Apartment values will not likely rise until developers add more functionality to them, he said, “but I’m convinced they will go up and (I’m) considering buying a few more soon.”
In addition to the familiar pursuits of money and real estate, virtual worlds offer participants a chance to be somebody who they are not in real life.
“Why would anyone trade in this life for virtual life? Starbucks worker — starship captain,” said Edward Castronova, an associate professor of telecommunications at Indiana University and author of “Synthetic Worlds,” which details the cultural and economic impacts of online virtual worlds.
There are over 5 million people worldwide playing a single fantasy MMORG called “World of Warcraft,” the game’s developer, Blizzard Entertainment, announced in mid-December. And there are millions more who participate in other virtual worlds.

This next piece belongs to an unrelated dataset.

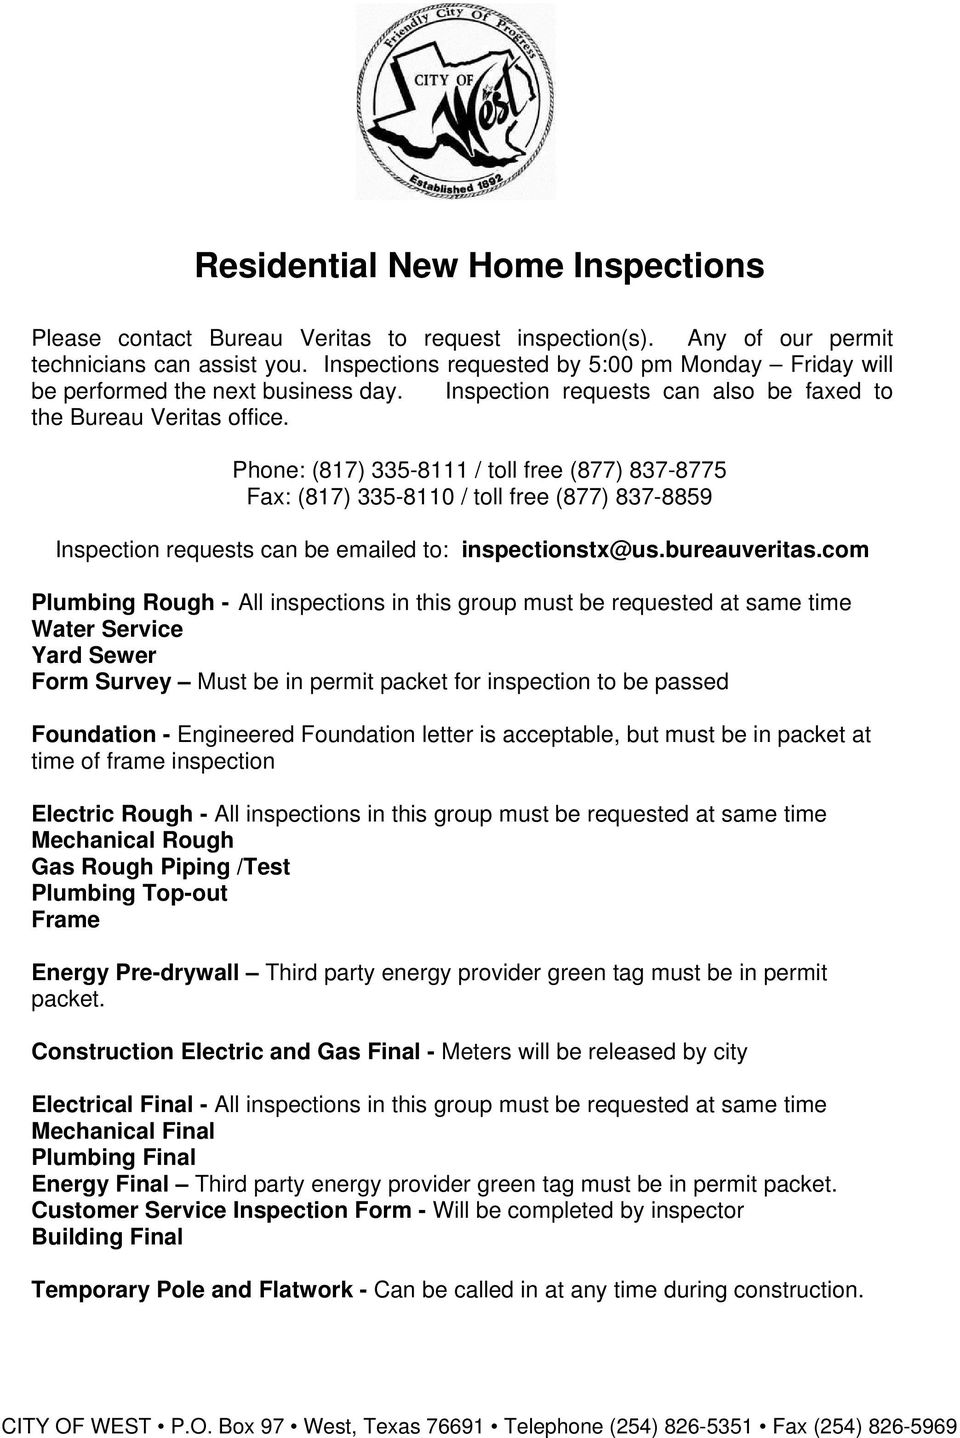 Phone: (817) 335-8111 / toll free (877) 837-8775 Fax: (817) 335-8110 / toll free (877) 837-8859 Inspection requests can be emailed to: inspectionstx@us.bureauveritas.

“One thing that’s surprising is how serious this is. It’s now my career,” said Castronova, who also serves as director of The Arden Institute, an academic center devoted to the study of synthetic worlds.
If MMORGs continue to grow at the rate predicted by some industry experts, “It will really rewrite our lives,” he said. One Web site, Mmogchart.com, tracks the growth of MMORGs, though some corporations are protective about subscription data, and the site bases some estimates on insider tips.
To get ahead in these virtual worlds, people can invest a lot of real-world time and money. Among a sampling of recent eBay listings for virtual world real estate: an island in the “Second Life” virtual world with bids above $4,000; a “Trammel Ice Isle Castle” in the “Ultima Online” virtual world with bids above $650; and a “Baja Castle House” in the “Ultima Online” world with bidding above $395.
While virtual worlds may not have the same risk of natural disasters that occur in the real world, Castronova said there is another wrinkle: If a virtual world is not successful, the developers can literally pull the plug. No more virtual real estate, no more virtual money. No more virtual residents. All gone.
As virtual worlds evolve, residents may at some point seek some assurance that their assets will be protected in the event of such a digital Armageddon, he said. For example, it may be in the interest of smaller virtual worlds to establish “transfer protocols” so that residents could simply pick up their virtual belongings and move to another virtual world. “It would provide a measure of risk protection. It would be a useful service,” he said.
Already, there are examples of virtual worlds that have gone kablooey.
Risk is a part of the synthetic landscape, but so is opportunity. “Virtual reality is a new frontier, a place for the bold and pioneers. The rules have yet to be written,” said Jacobs, a.k.a. Neverdie.